Neotango is a distinct genre of tango which goes beyond it both in music and in dance. It is a global movement in which the music includes tracks from all over the world, instrumental and vocal, distinct from the tango in that it includes only modern music recorded in the last 30-40 years, and can be danced using the tango's biomechanics. As a dance form it is still evolving. It is a 'living' globalized tango dance form of the 21st century.

==The music==
The term neotango has been used in the past as a synonym for tango nuevo, for example when Astor Piazzolla broke some rules of the musical tango pattern. Nowadays it mainly refers to electrotango, a fusion of tango and electronic music which emerged in Argentina in the early 2000s (Gotan Project, Tanghetto, Bajofondo, Electrocutango, Tango Jointz, Tango Fusion, Narcotango and Otros Aires) .

Neotango is also used to classify milongas where a wide spectrum of music is played: not only electrotango and tango nuevo, but also classical music, blues, trip-hop, ballads, dubstep, deep house, klezmer, soundtracks, chillout, world music, etc.

==The dance==
Neotango dance is not tango nuevo.

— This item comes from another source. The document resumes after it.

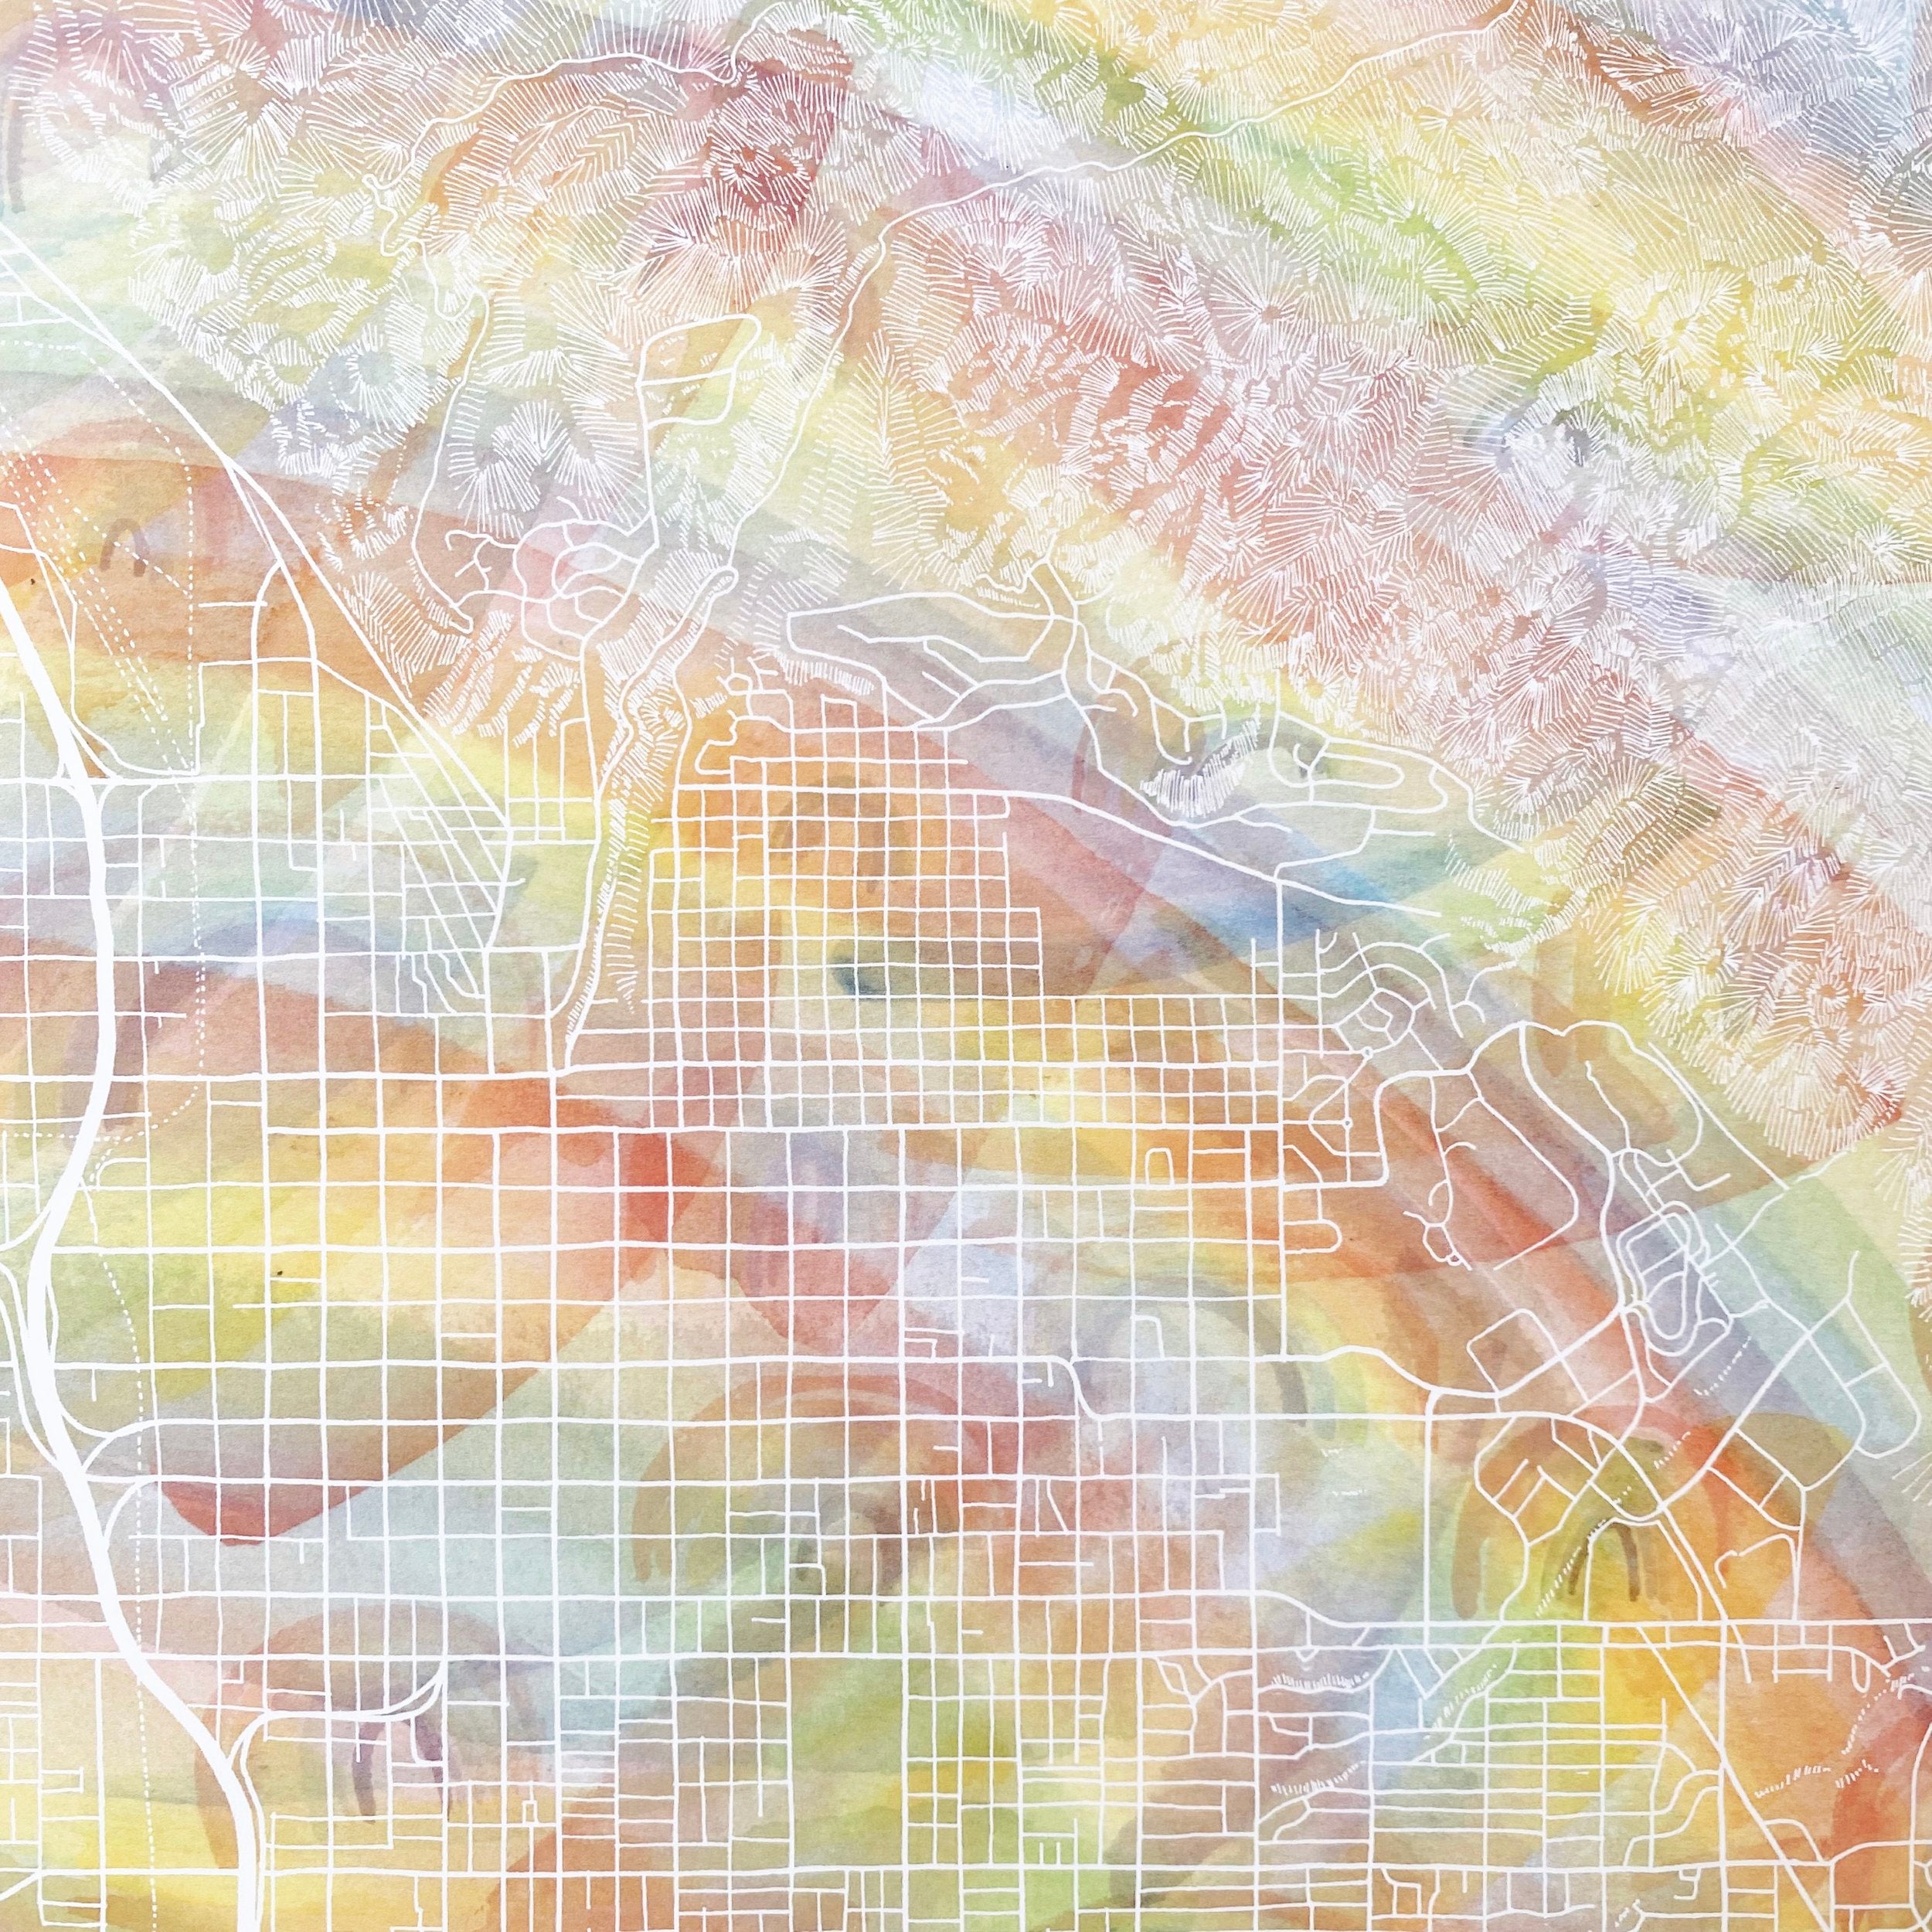 SALT LAKE CITY Pride Rainbow Watercolor Map: PRINT

The term "tango nuevo" has been used in dance every time an Argentinian tango teacher came out saying he was teaching a new dancing style. For example, the term was used to refer to the tango of the old "Petroleo" around 1940, as well as around 1990-2000 when some Argentinian teachers promoted out-of-axis dynamics in their seminars around the world.

Neotango uses standard tango biomechanics and the tango's flow on the dance floor. It is open to fusion dances and technologies, and it does not follow any of the strict rules of a traditional milonga.